4 In heel de aarde gaat hun principe uit en aan het einde van de wereld hun uitspraken. Voor de zon plaatste Hij in hen een tent,
5 en hij gaat uit als een bruidegom uit zijn baldakijn. Hij is opgetogen als een machtige man, om het pad te rennen.
6 Vanaf het einde van de hemelen is zijn uitgaan en zijn rondgang gaat door tot hun einden. En er is niets dat verborgen blijft voor zijn warmte.
7 De wet van JAHWEH is onberispelijk, de ziel herstellend. Het getuigenis van JAHWEH, Die betrouwaar is, geeft een eenvoudige wijsheid.

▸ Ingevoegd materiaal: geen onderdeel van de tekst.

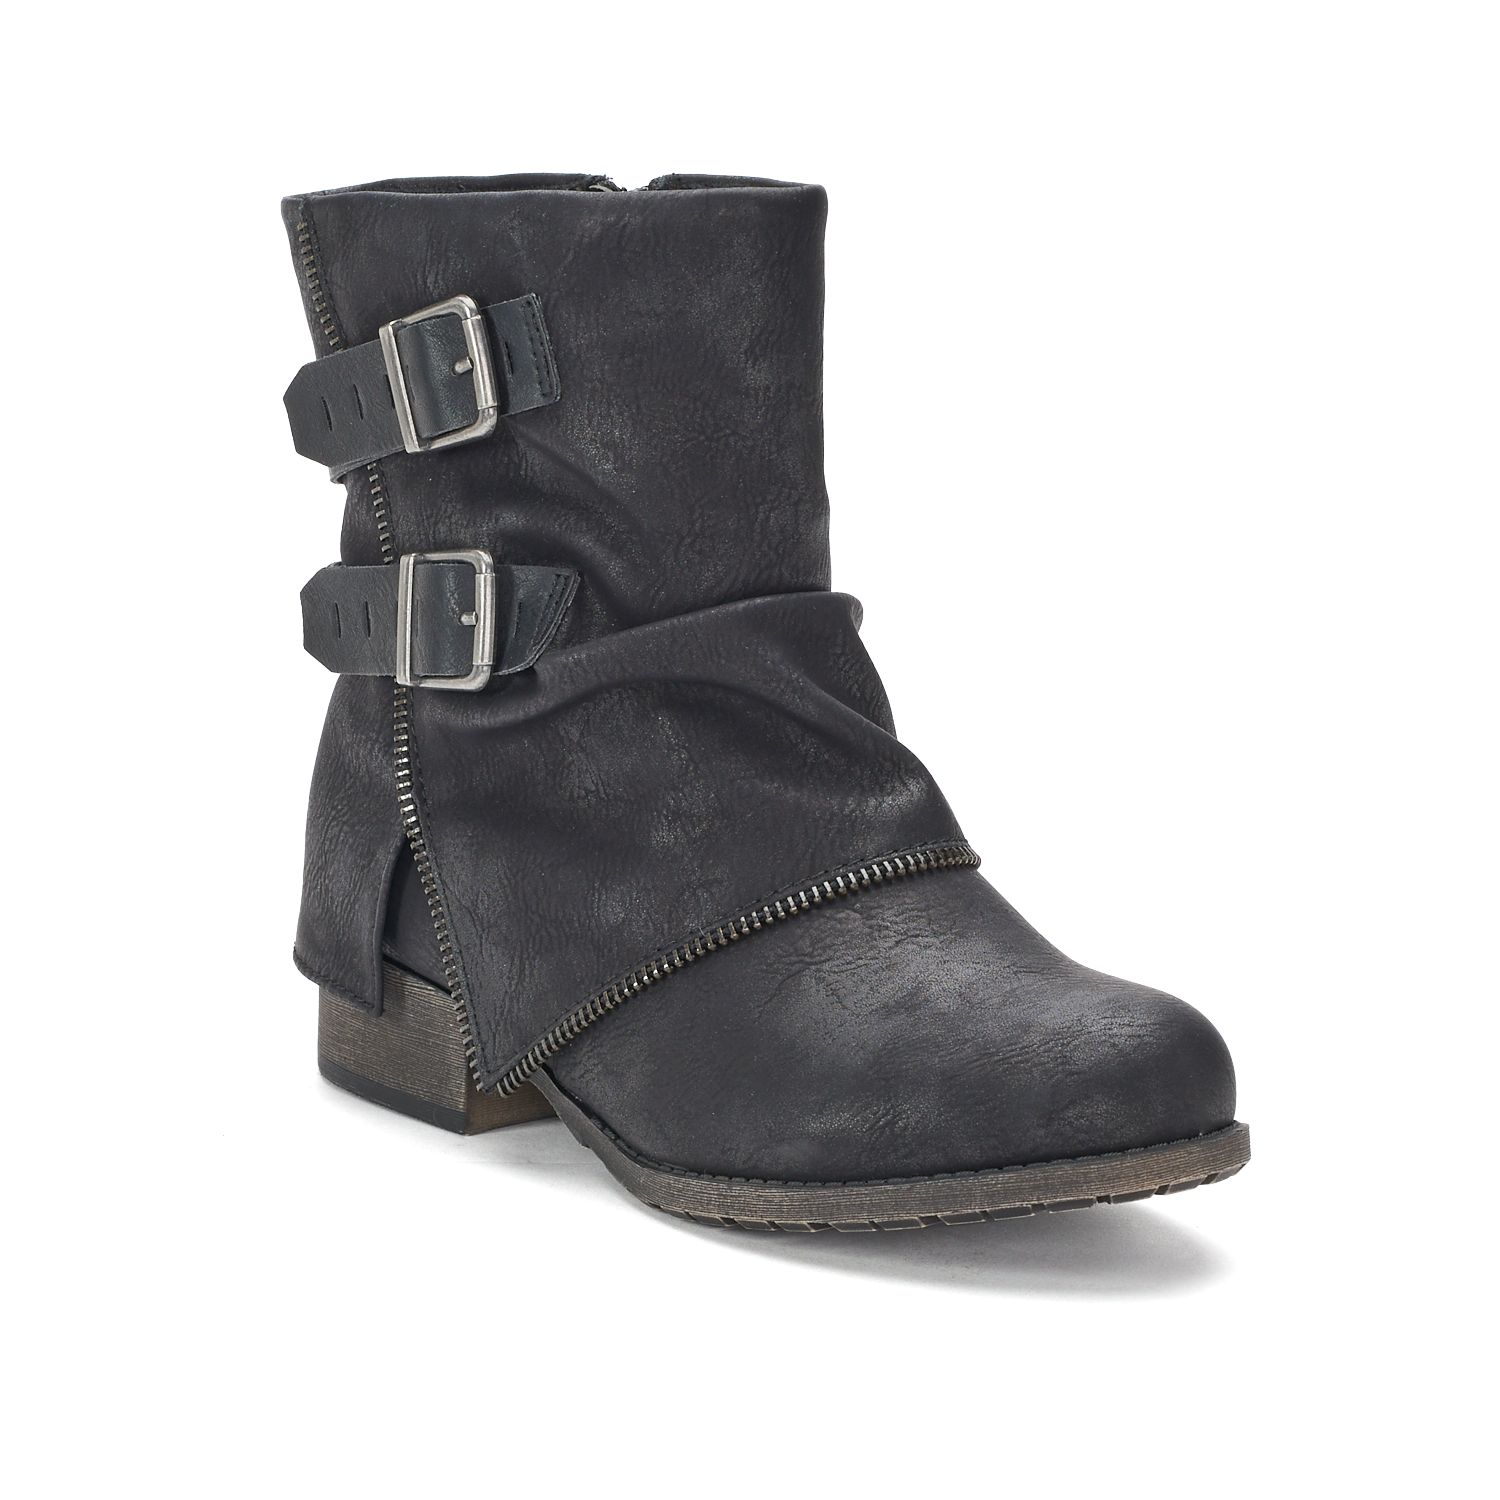 SO® Crabapple Women's Ankle Boots
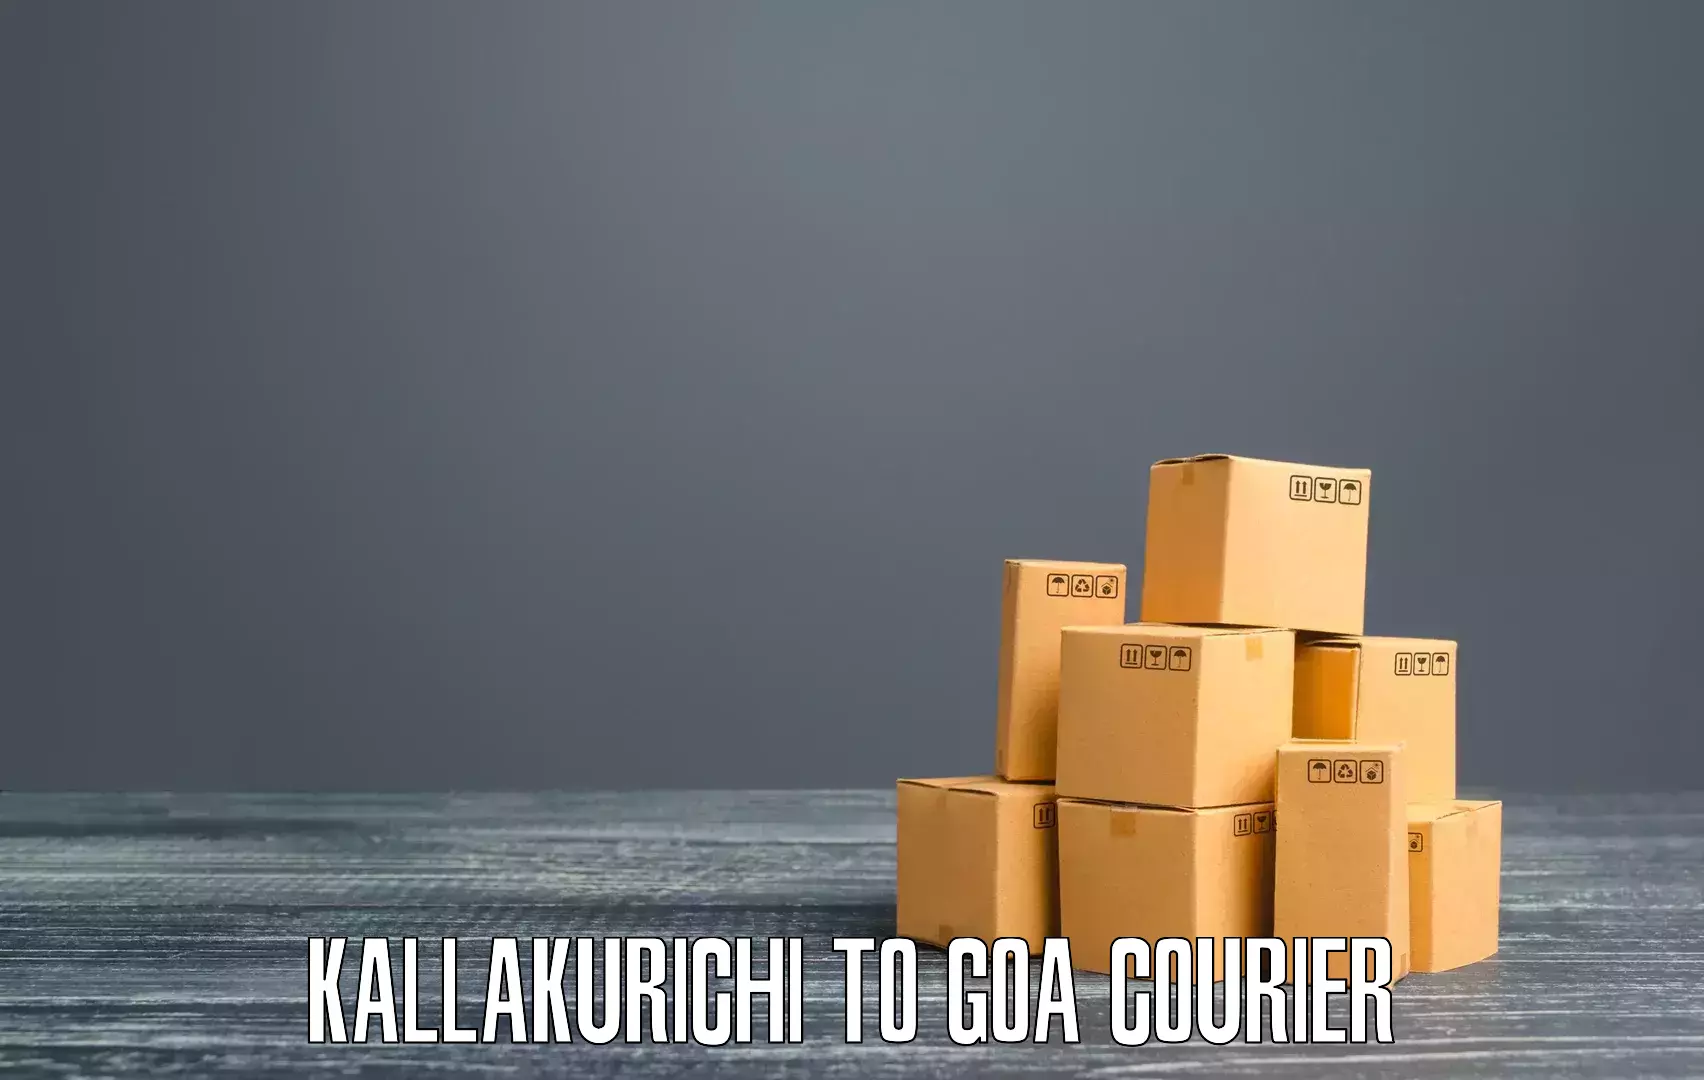 State-of-the-art courier technology Kallakurichi to South Goa

8 De voorschriften van JAHWEH zijn recht, doen het hart verheugen. De instructie van JAHWEH is zuiver en verlicht de ogen.
9 De vrees van JAHWEH is rein, staand tot de toekomst. De verordeningen van JAHWEH zijn waarheid, ze zijn volkomen rechtvaardig,
10 meer begeerd wordend dan goud en dan veel schitterend goud, en zoeter dan honing en druppelende honing uit de raat.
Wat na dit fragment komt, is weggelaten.